An Expert Reappears as Ghost


George Kennan in the twenty-first century is best remembered, if at all, for “A Fateful Error,” the short essay he published on the op-ed page of The New York Times on February 1997. He argued that expanding NATO up to Russia’s borders would be “the most fateful error of American policy in the entire post-cold-war era.”

A year later, with President Bill Clinton’s encouragement, the US Senate approved, by a vote of 80 to 19, NATO expansion to include Poland, Hungary, and the Czech Republic, with an eye to another possible round of expansion. Kennan’s warning was disregarded or simply ignored in most quarters in Washington and at NATO headquarters in Brussels.

The expansion program proceeded apace, through the Clinton, Bush, Obama, Trump, and Biden administrations, most recently with the U.S. Ukraine Charter on Strategic Partnership of November 10, 2021. Meanwhile, Kennan died in 2005. An authorized biography George F. Kennan: An American Life, by John Lewis Gaddis, Robert A. Lovett Professor of Military and Naval History at Yale University, appeared in 2011.  It was recognized with a Pulitzer Prize and seemed to pronounce a final opinion on Kennan’s life as a source of relevant opinion.

In the twentieth century, however, Kennan was remembered for the central role he played as a framer of US policy towards Russian expansion at the outset of the first cold war.  As a US State Department officer, he spent most of the 1930s and much of the 1940s in the Soviet Union. There he developed, in almost equal parts, affection for Russia itself, and high disdain for Josef Stalin, and his communist dictatorship.

First in a secret “long telegram” to his State Department superiors, then as the author of its summary in a Foreign Affairs article in 1947 that introduced to the foreign policy public public the catch-word “containment” and the reasoning behind it.  He subsequently became respected, even venerated, as among the senior architects of much successful post-war US foreign policy, including the Marshall Plan.

In 1955 Kennan retired to become a history professor at the Institute for Advance Study in Princeton, served as President John F. Kennedy’s ambassador to Yugoslavia 1961-63, opposed the US war in Vietnam, and remained among the State Department’s closest students until not long before his death, at 101, when he vigorously protested the US invasion of Iraq.

Now Kennan has returned to life in a second full-scale biography.  Kennan: A Life between Worlds, by Frank Costigliola, Board of Trustees Distinguished Professor of history at the University of Connecticut, offers a parallax view of his the life of his Milwaukee-born subject.

And in an article that appeared last week on the Foreign, Affairs website, Costigliola (who earlier edited The Kennan Diaries [Norton, 2014)]), surfaced a previously undiscussed passage from a Kennan paper of 1948, in which the author set out clearly his grounds for pessimism about Ukraine independence. In “US Objectives with Respect to Russia,” Kennan wrote,

The economy of the Ukraine is inextricably intertwined with that of Russia as a whole. There has never been any economic separation since the territory was conquered from the nomadic Tatars and developed for purposes of a sedentary population.  To attempt to carve it out of the Russian economy and to set it up as something separate would be as artificial and as destructive as an attempt to separate the Corn Belt, including the Great Lakes industrial area from the economy of the United States.

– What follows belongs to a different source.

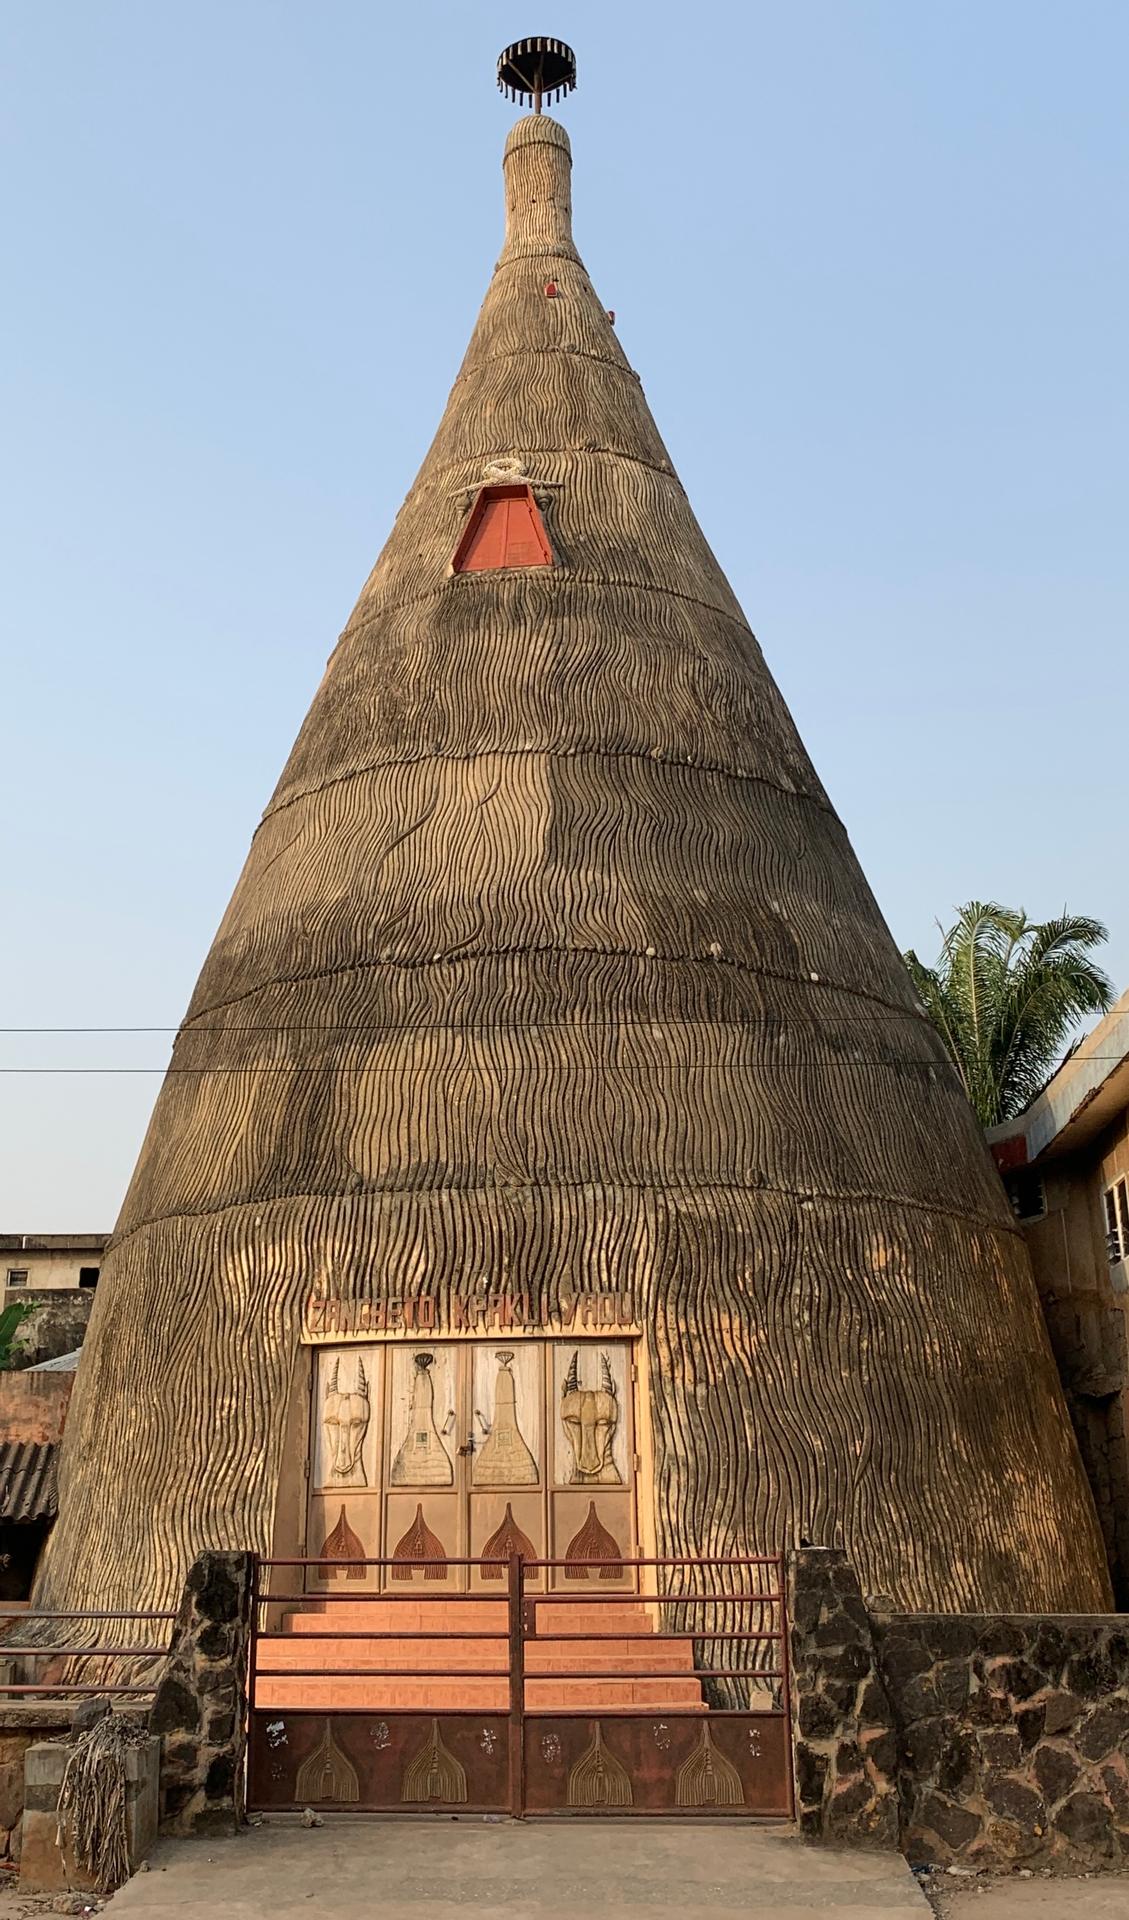 Africa, free, photo, zangbeto, religion, worship, faith, traditional, construction, building, architecture, vaudou temple, voodoo, vodoun, divinity, sacred place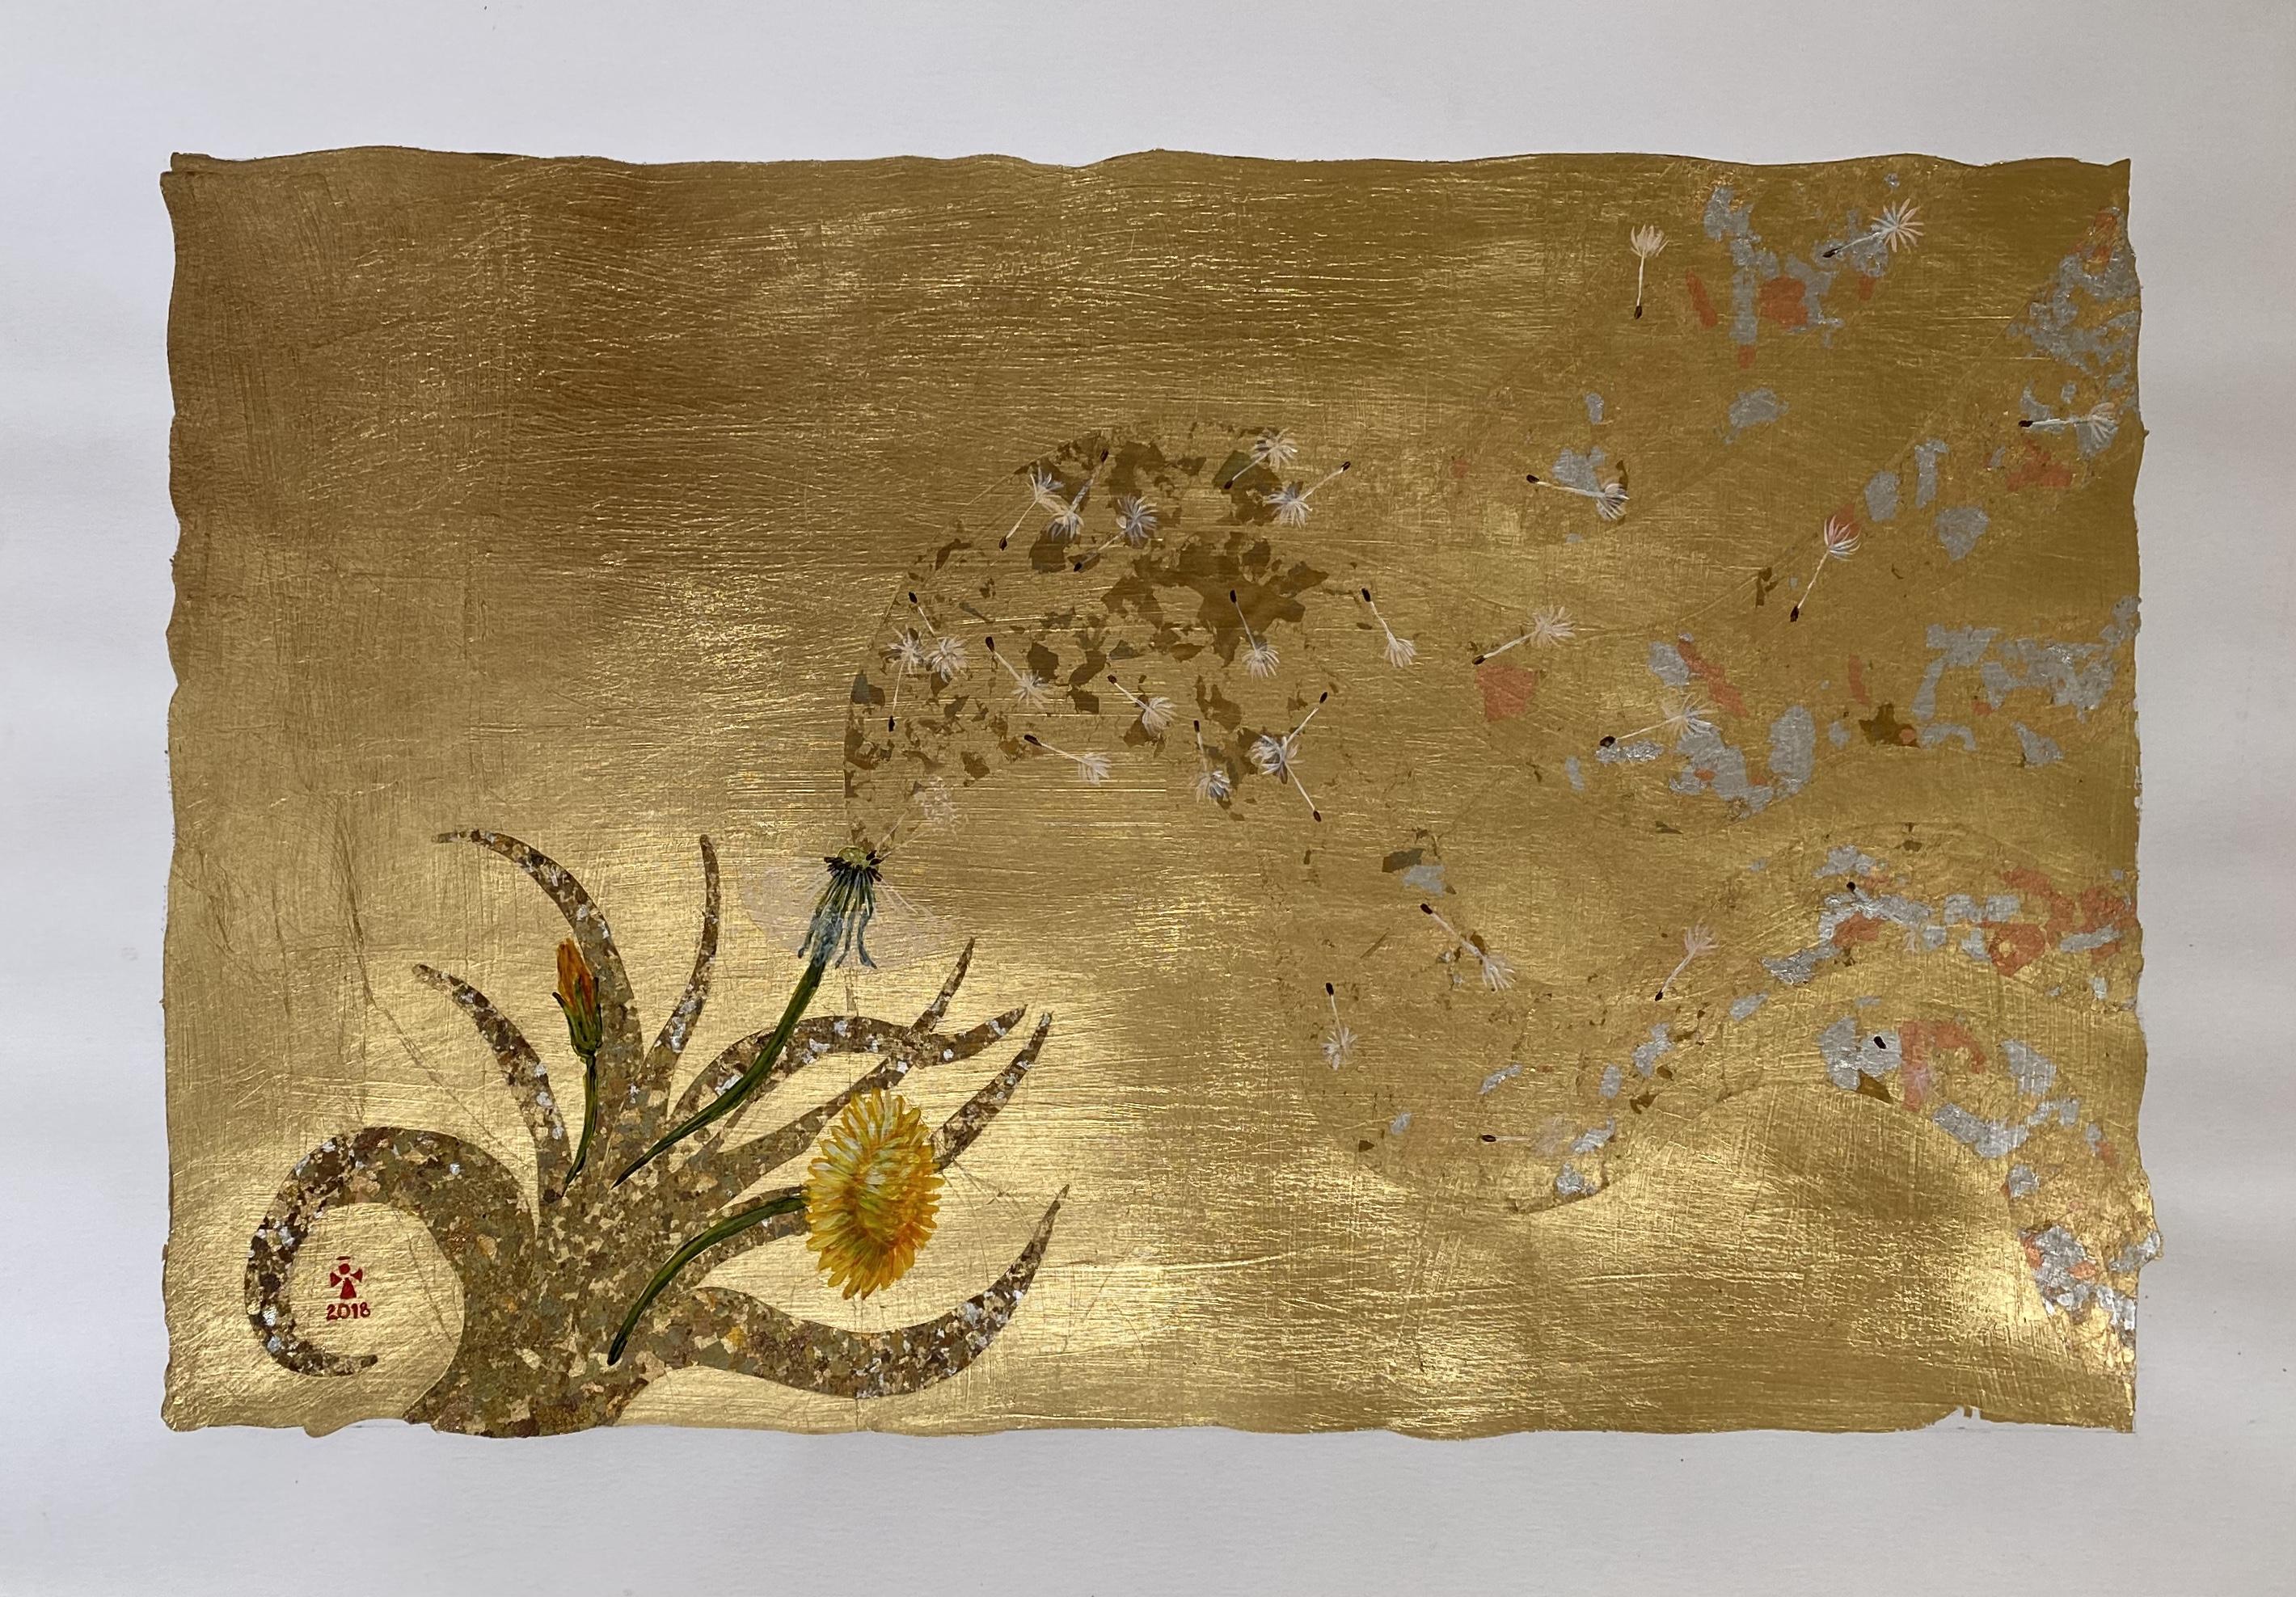 Dandelion in Wind - Angeles Salinas - 19'' x 14'' - Mixed Media on Paper

He goes on to assert that “we cannot be indifferent to the feelings of the Great Russians themselves.” Because Russia would remain the “strongest national element” in the area, any viable “long-term U.S. policy must be based on their acceptance and their cooperation.” The Ukrainian territory was as much a part of their heritage as was the American Middle West, “and they are conscious of the fact.”  You can read here the relevant three-page excerpt from Kennan’s paper.

That was 75 years ago. The circumstances were clearly different in the immediate aftermath of World War II.  Kennan may have underestimate Ukrainians’ will to independence even then.  It has clearly increased explosively since the USSR disbanded itself.

But Russian government feelings have remained much the same as Kennan described them in 1948. That was much the way US Ambassador William Burns conveyed the Russian position to the Obama administration, in 2008, in a titled “Nyet Means Nyet: Russia’s NATO Enlargement Red Lines.”  The cable was originally made public by WikiLeaks but recently has been blocked on the Web.  And it is certainly the conviction that Vladimir Putin spelled out to the world, in the summer of 2021, in his 6,000-word article “On the Historical Unity of Russians and Ukrainians.”

Kennan’s views on Ukraine independence are largely a newly-reported story, according to Costigliola. They do not appear in the index of Gaddis’s book, and Costigliola did not discuss the 1948 passage his own book, which was published in last month.

Whether its discovery makes any difference at all remains to be seen. But the appearance, a dozen years apart, of two deeply-informed biographies of the same man is surely grist for the historiographer’s mill.